Chronic prostatitis

symptoms of chronic prostatitis

Prostatitis in this category is rare, occurring in about 10% of all prostatitis. The question of whether atypical pathogens such as ureaplasma urealyticum can trigger prostatitis is debated. They can be present in a man's body without any signs of inflammation or complaints.

Causes of chronic prostatitis

The causes of chronic prostatitis are basically similar to the causes of acute bacterial prostatitis. Microorganisms enter the prostate in most cases through the urethra - as a result of urine reflux into the ducts of the prostate gland (intraprostatic urine reflux).

Chronic bacterial prostatitis develops as a result of inadequate treatment or short treatment of acute bacterial prostatitis.

Symptoms

  • Discomfort or pain - in the perineum, lower abdomen, groin, scrotum, penis, during ejaculation
  • Changes in urination - difficulty urinating, frequent urination in small amounts, a feeling of incomplete emptying of the bladder.
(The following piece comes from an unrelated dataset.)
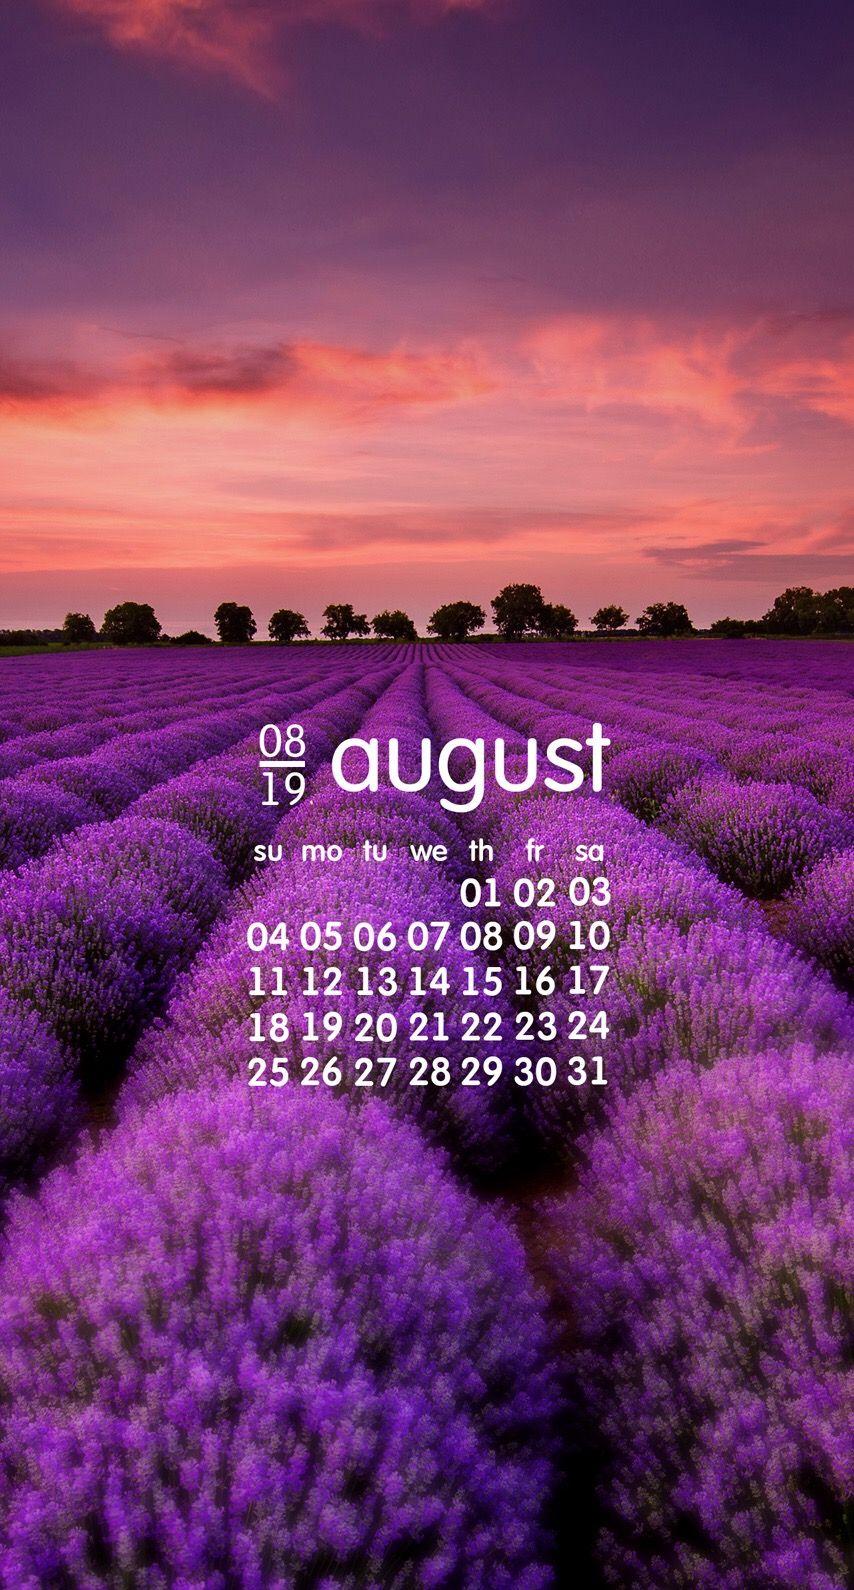 Wallpaper Hdwallpaper Background August Iphone Iphonewallpaper Androidwallpaper Android Purple Cool Backgrounds Hd Wallpaper Special Wallpaper

The patient may complain of several symptoms, or of any individual symptom. An increase in body temperature is not typical (or insignificant).

Important:

Many men associate erectile dysfunction with prostatitis. This is often facilitated by unprofessional publications in the media and the promotion of dubious drugs. The fact that the erection can be maintained even after the complete removal of the prostate (due to a malignant tumor of the organ) suggests that it itself does not play a role in maintaining the erection.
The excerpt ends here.